Architecture

Technical Flow & Pruning

Deep dive into CacheLane's core caching strategies, K-pruning logic, and request cycle interception.

Prompt Volatility Classification

Anthropic prompt caching is **prefix-based**. Any change in a prefix invalidates all cache data after that point. CacheLane optimizes for this behavior by decomposing your prompt into atomic blocks, classifying them by volatility, and sorting them:

STABLE Region (Base Cache): Contains slow-changing contexts (System instructions, MCP tool definitions, pinned rules, CLAUDE.md). Bounded by the first cache_control breakpoint.
SEMI Region (Mid-Cache): Holds dialogue history turns. These shift on each turn, but follow a predictable FIFO structure.

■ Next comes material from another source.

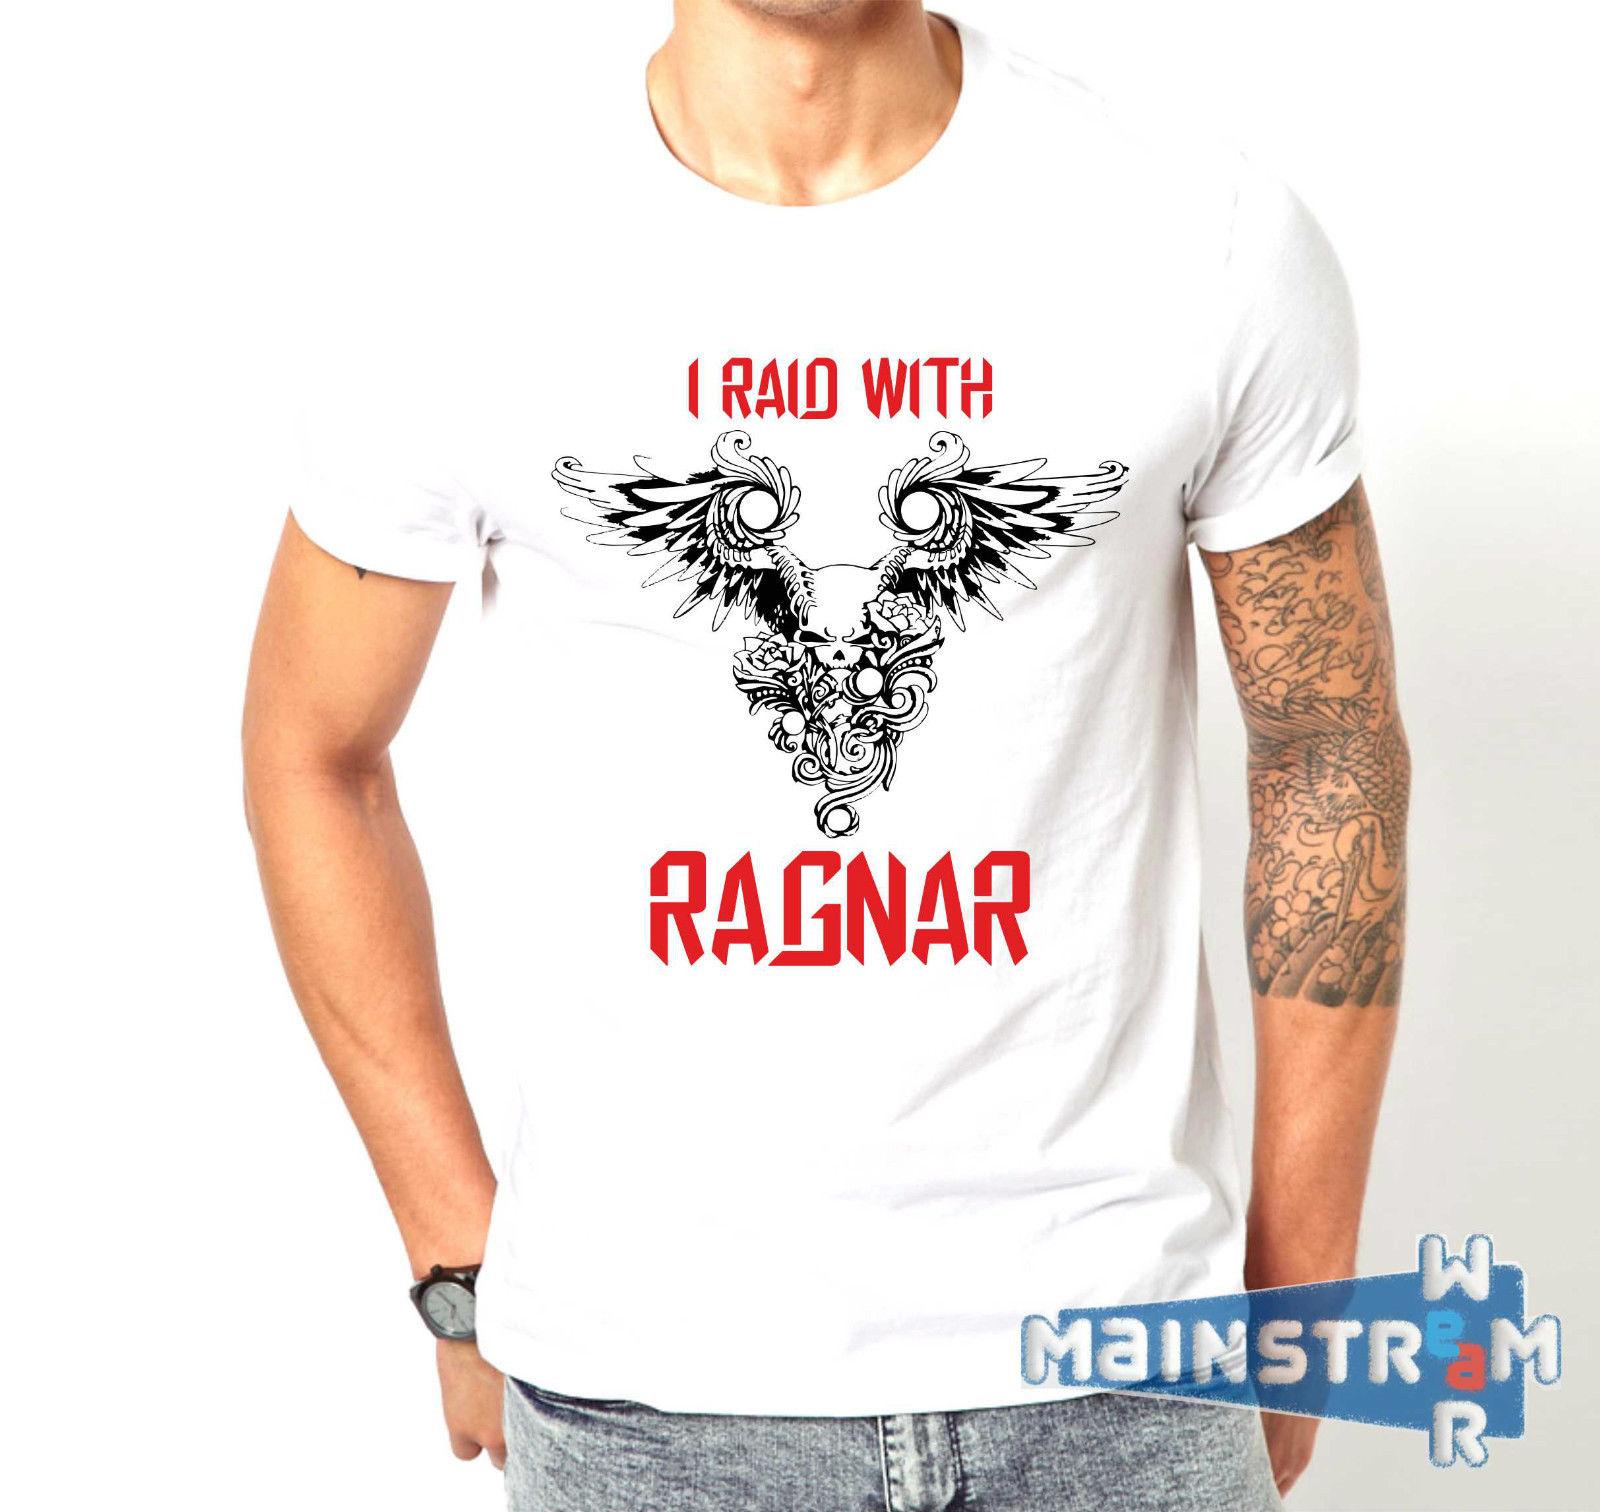 Camiseta MAGLIETTA vikingos VICHINGHI RAGNAR LOTHBROK Valhala SHIELDMAIDEN NORTH 100% Camiseta de algodón, camisetas al por mayor

Bounded by the second cache_control breakpoint.
VOLATILE Region (Paid Full): Ephemeral workspace contexts, latest tool call outputs, and the current user question.

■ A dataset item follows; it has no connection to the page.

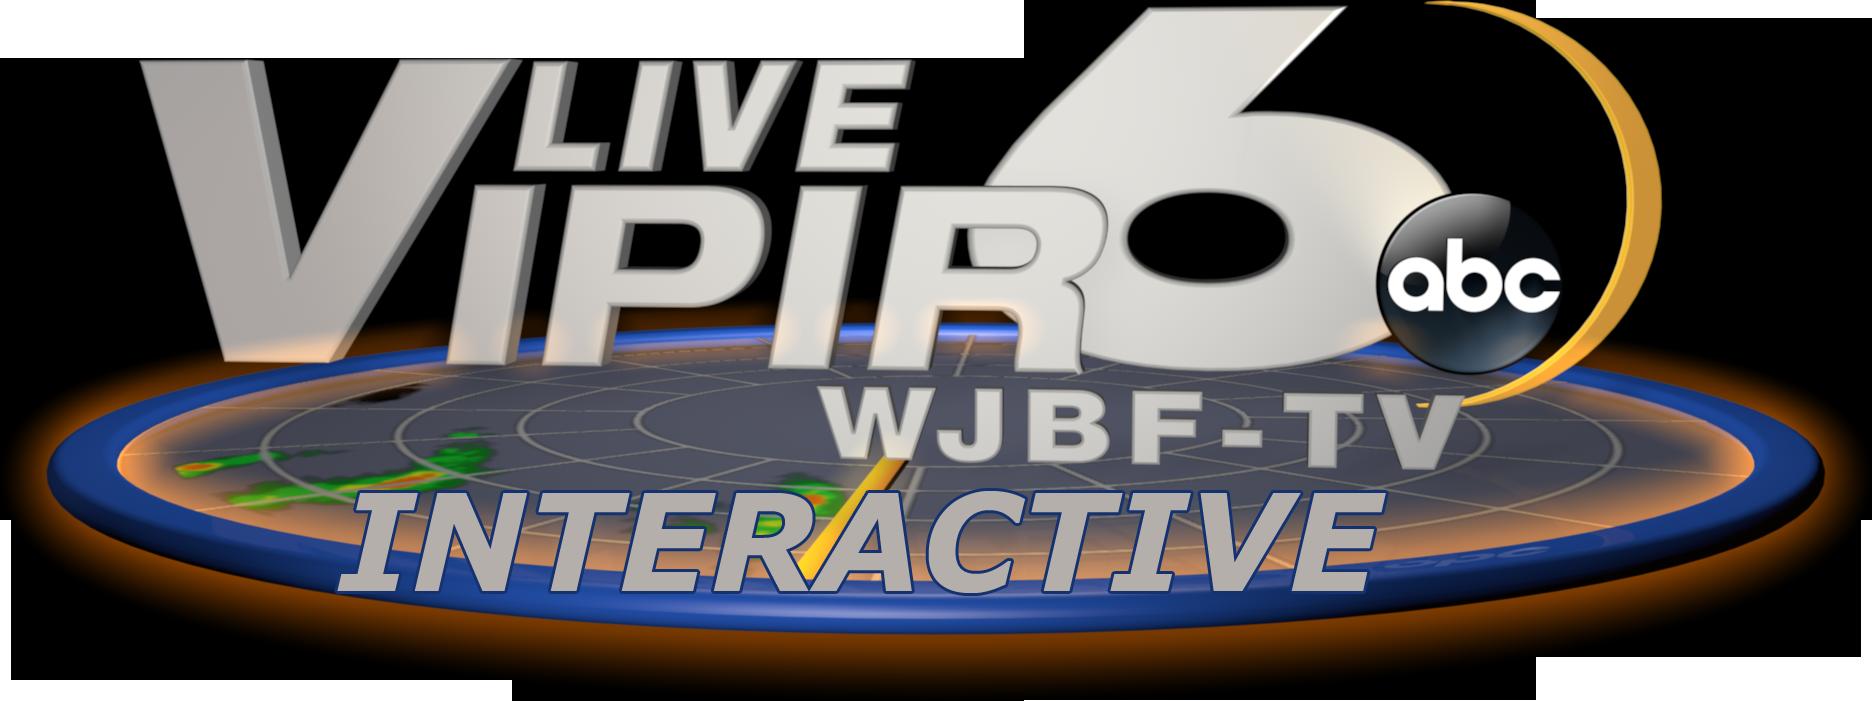 Live Interactive VIPIR Radar | WJBF

Interception Hook Pipeline

CacheLane deploys as a middleware proxy that intercepts Claude Code traffic. The request pipeline executes in two primary phases:

PreRequest Interception (Turn Start): Intercepts outgoing requests, queries database stats, groups prompt content blocks, prunes unreferenced blocks, places breakpoints, and forwards the payload to Anthropic.
PostResponse Interception (Turn End): Monitors incoming responses, extracts model references to blocks (e.g. file paths in tool calls or block ID mentions), logs turn token costs, and updates block idle counters.

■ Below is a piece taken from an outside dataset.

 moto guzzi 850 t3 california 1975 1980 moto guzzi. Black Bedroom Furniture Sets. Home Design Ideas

Trajectory-Aware K-Pruning

In long sessions, tool outputs and file reads bloat the context window. CacheLane's **K-pruner** automatically manages this:

Each turn a block goes unreferenced by the model's response, its unused_turns count increments.
When unused_turns ≥ K (default K=3), the block's text content is discarded and replaced with a compact stub containing its unique identifier, a brief summary, and a refetch command.
If Claude decides it needs the block again, it issues a call to the cachelane:expand MCP tool. CacheLane intercepts this tool call, restores the block from database references, and inserts it back into the suffix.

Keepalive Scheduler

Anthropic prompt caches expire after **5 minutes** of idle time. During long pauses, users face full write cost penalties.

CacheLane spawns a light keepalive scheduler in the background. When the user is idle, it issues minimal synthetic API queries (max_tokens=1 with the identical prefix structure) at 4-minute intervals, resetting the TTL and keeping the cache warm.